Brief
Would you transcribe the listing that follows, character for character, and omit its images?

Data below
=== Begin Enclosure ===
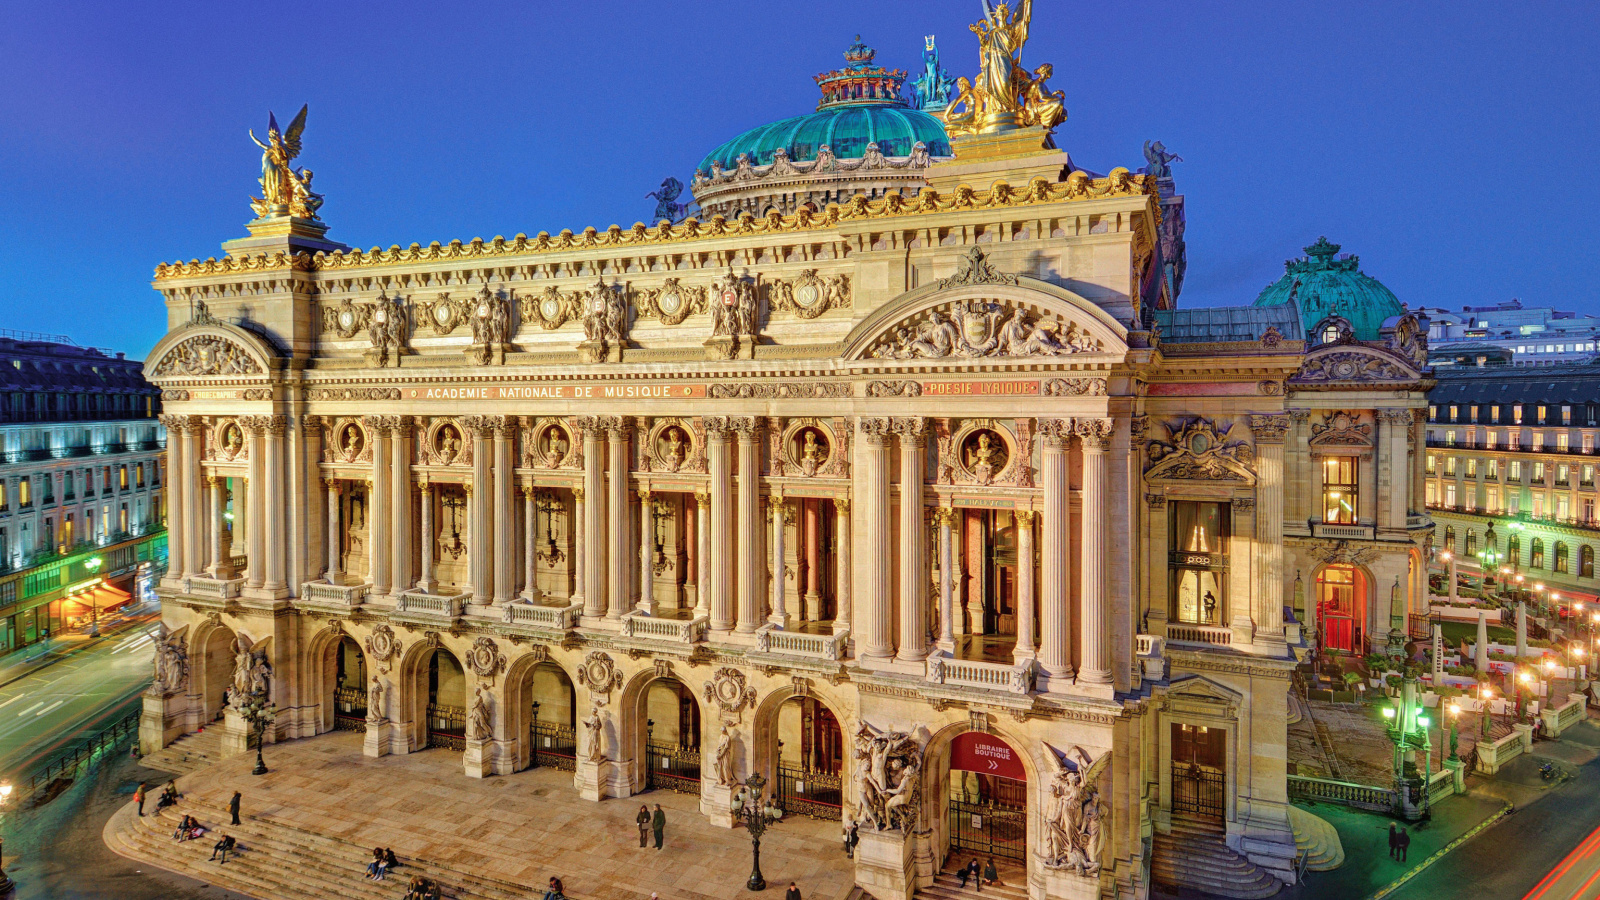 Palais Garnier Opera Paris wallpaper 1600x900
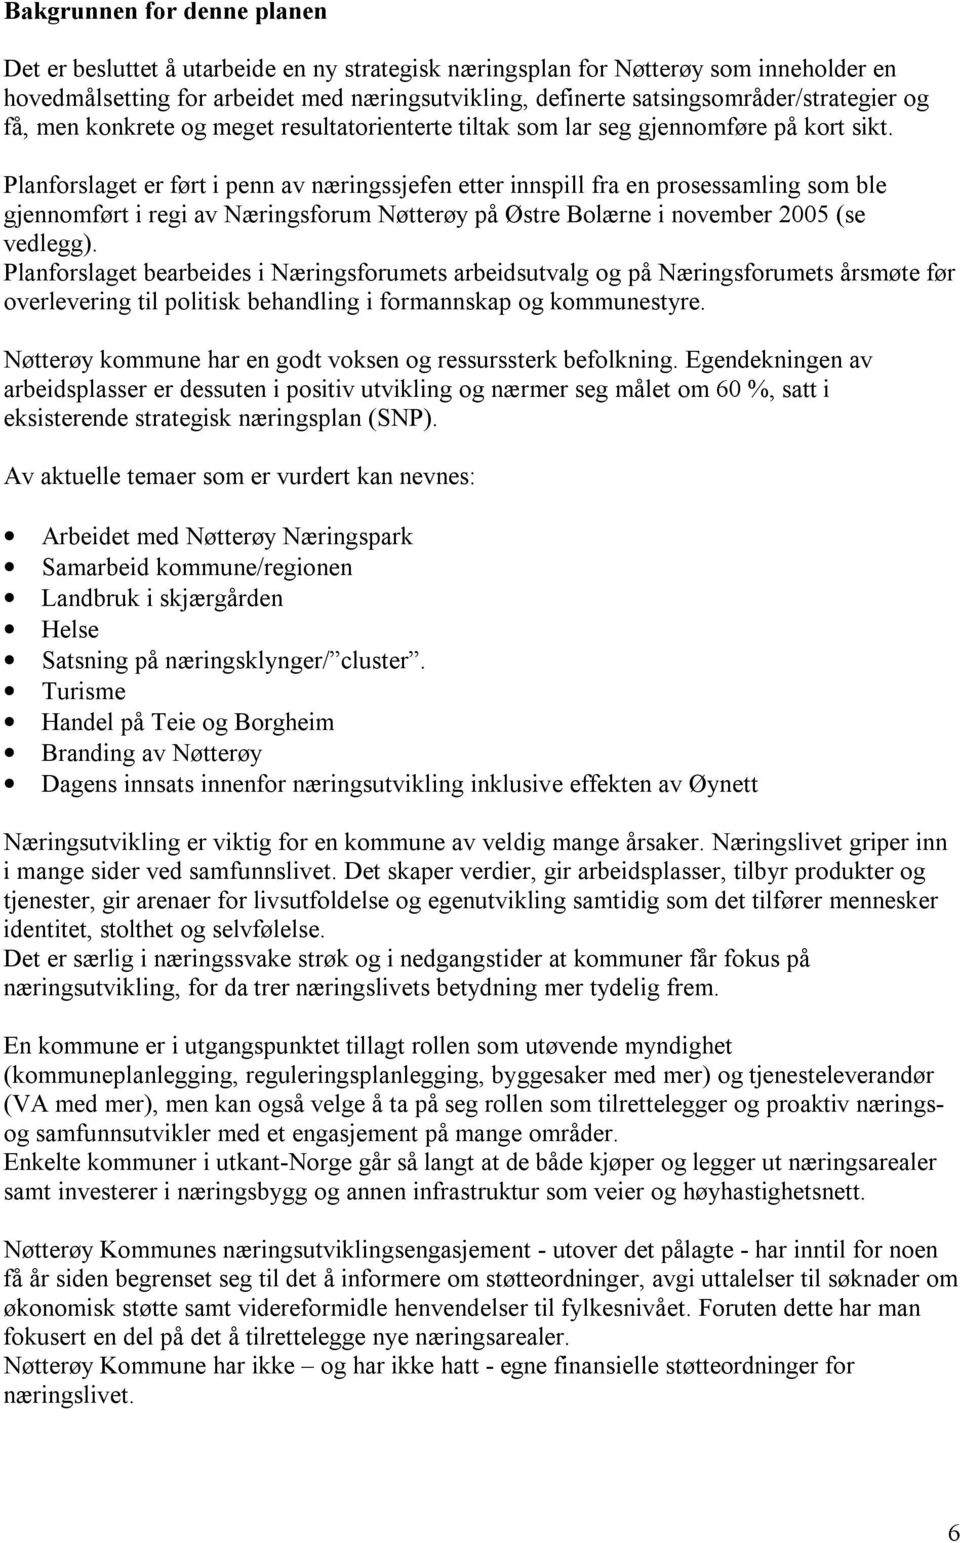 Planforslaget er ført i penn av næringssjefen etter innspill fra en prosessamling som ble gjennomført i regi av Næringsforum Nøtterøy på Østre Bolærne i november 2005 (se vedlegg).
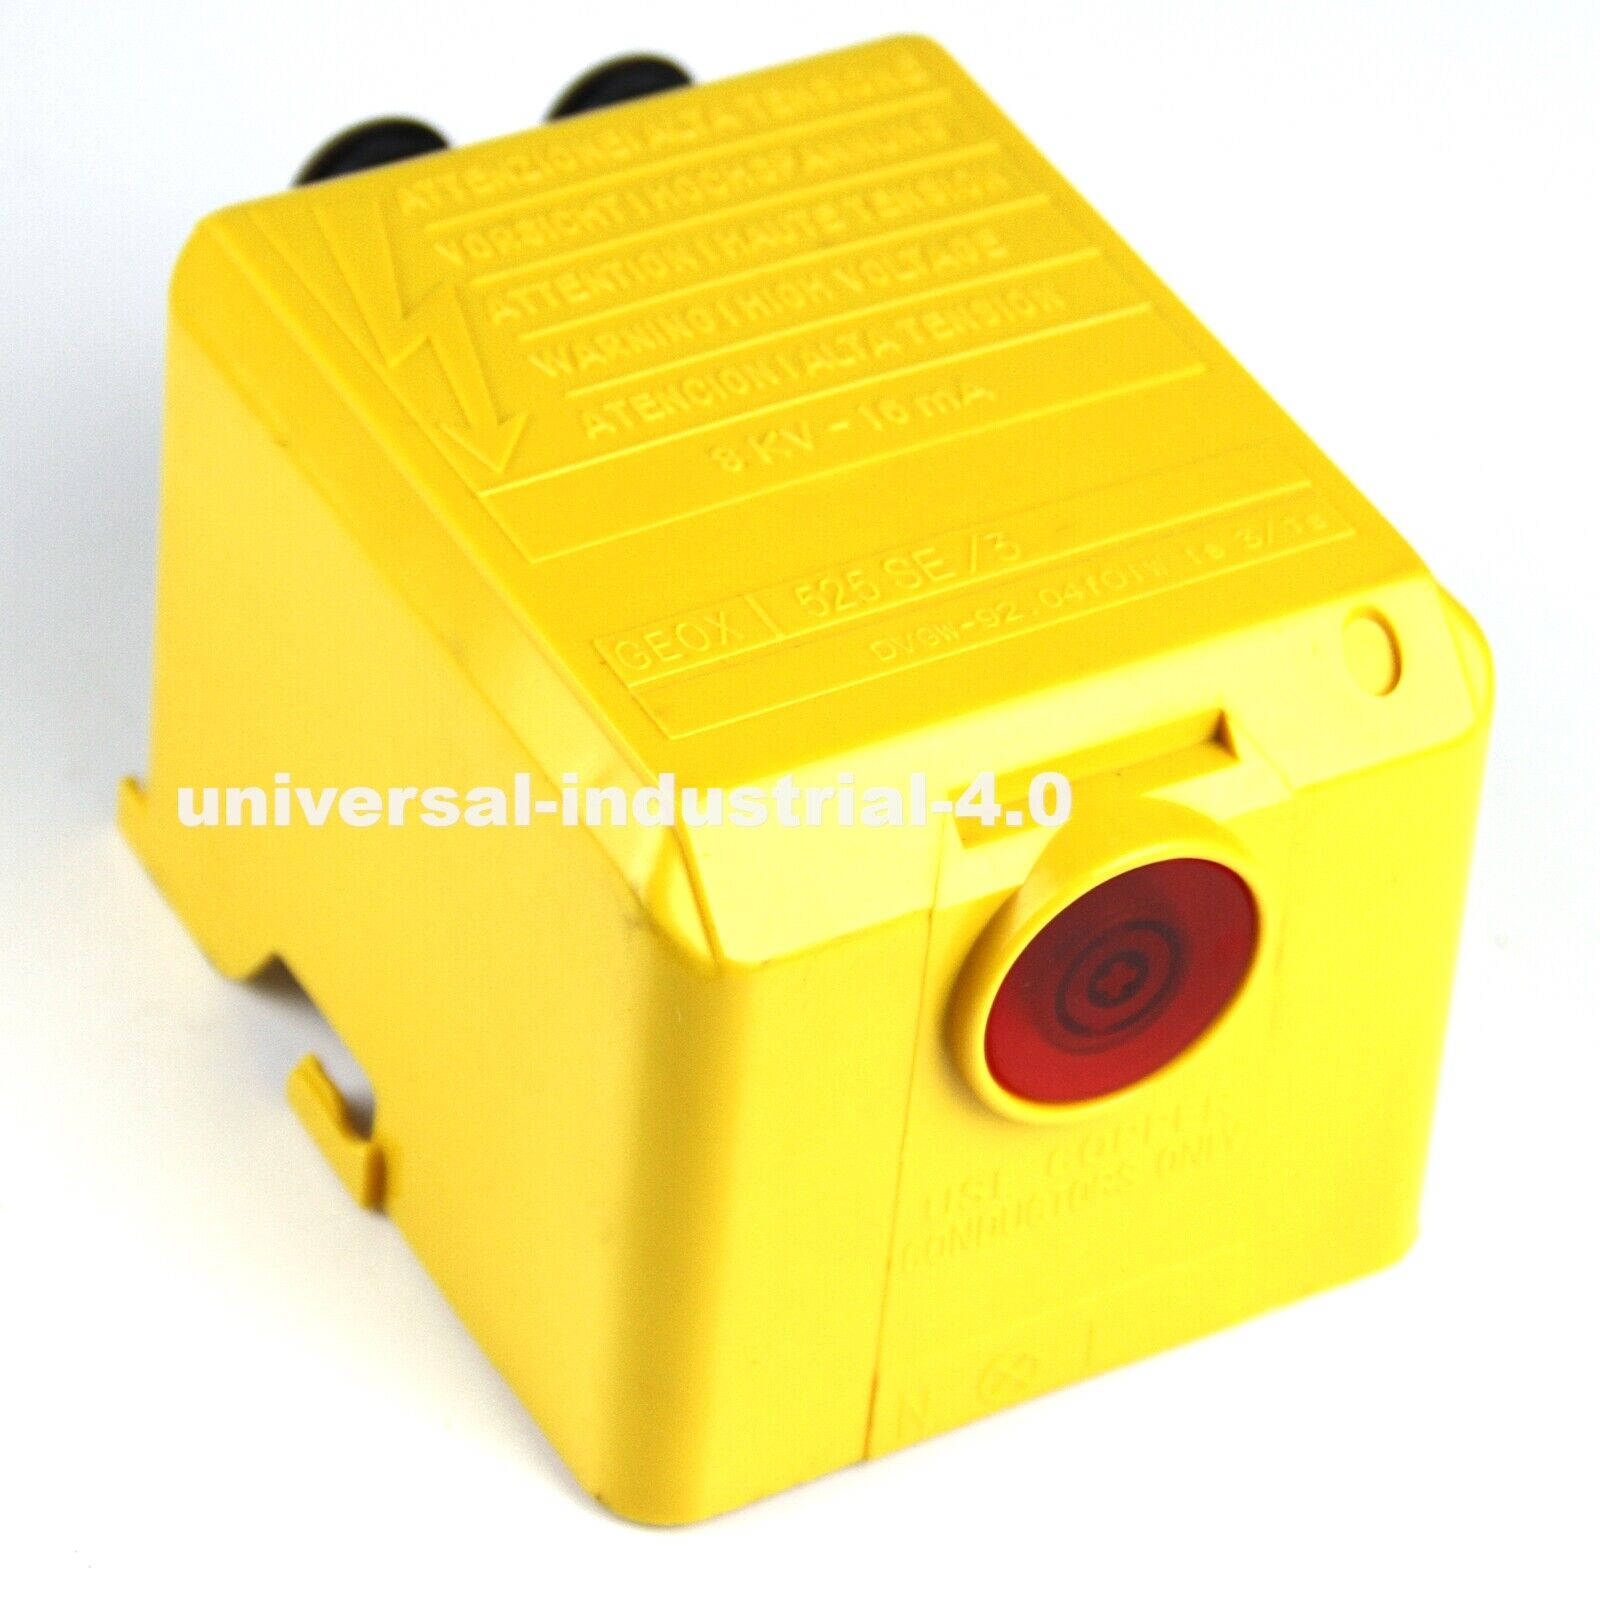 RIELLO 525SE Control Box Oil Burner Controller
=== End Enclosure ===
Response
 Palais Garnier Opera Paris wallpaper 1600x900
 Planforslaget er ført i penn av næringssjefen etter innspill fra en prosessamling som ble gjennomført i regi av Næringsforum Nøtterøy på Østre Bolærne i november 2005 (se vedlegg).
 RIELLO 525SE Control Box Oil Burner Controller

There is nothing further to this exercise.